When Costis came to see me, I was pondering how I could like a man that was so frustrating. I had been thinking about the king, but when I heard Costis’s knock, I supposed the same could be applied to him.

Costis does not think he has much in common with the king, and would have especially balked at that comparison, but to say that Costis, as dear as he is, didn’t irritate me every single day would have been a lie. Today, for example, I was irritated that it was nearly eleven o’clock and he was just coming to see me now.

I called for him to come in and he did so. “What sort of a time do you call this?” I said, with an arched eyebrow.

He was unperturbed. “About eleven, I’d say.”

I harrumphed.

“Sorry,” he said, not sounding as though he was. “I went to see the king. Did you need me for something?” He settled into the chair opposite me.

I shook my head and went back to staring out the window. I had no reason to want to see him except that I wanted to see him. I could feel him watching me. My inability to come up with a witty response to his question was bound to worry him.

“Kamet, are you alright?”

I sighed and looked over at him. He was staring at me with his brow furrowed, earnest, as he always was, and concerned. I sighed again. I have learned my lesson about lying to Costis, so I said, “I don’t know.” The wrinkle between his eyebrows deepened. “There’s nothing wrong with me, if that’s what you mean. I just feel…” I searched for the word and came up with nothing. I settled on “strange”, but it didn’t really fit.

Costis frowned thoughtfully at me for another moment, then nodded as if he understood. “I think the word you’re looking for is bored.”

I looked at him sharply. “Oh? And when did you become a mind reader?”

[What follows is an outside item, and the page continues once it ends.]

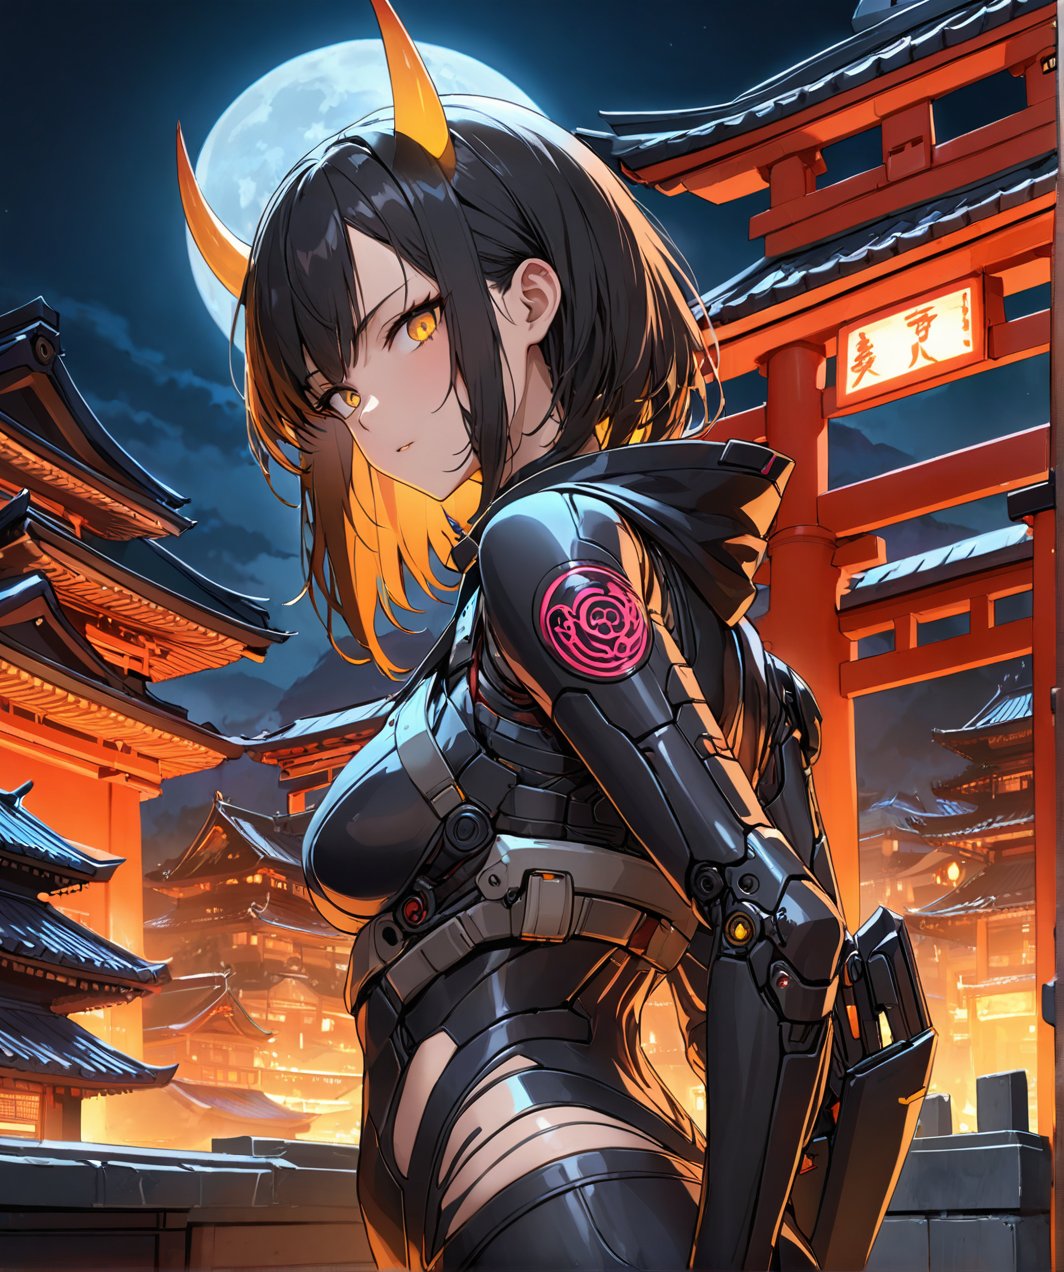 side view, look at camera,at night,half body shot,long black hair,1girl orange and black ghost ronin,horn on helmet,perfect body,yellow eye,super detail,sharp,masterpiece,cyberpunk meg suite,ronin costume,background is neon color,blue,orange, he stand on the roof top of temple ,katana.,cyborg,midnight,moon.

“I’m hardly a mind reader if you couldn’t think of the word,” he said, smiling. I scowled. “I just know you so very well.”

That was true. It was a constant source of delight and chagrin for me. “All right,” I admitted. “Perhaps I am bored. I’ve never had nothing to do before. Well, hardly ever.”

Costis was nodding. “That’s why I went to see the king.”

“And what did he say?”

Costis made a face, and sighed as well. He stretched out his long legs and slumped a little in his chair. “He told me that I should rest, that he would order me to rest if I didn’t listen to him, that under no circumstances would he, the queen, Teleus or Orutus give me any order that said otherwise, that I didn’t need to be useful every second I was awake, and to stop bothering him about it.”

I raised an eyebrow.

“It was not the first time I’ve spoken to him.”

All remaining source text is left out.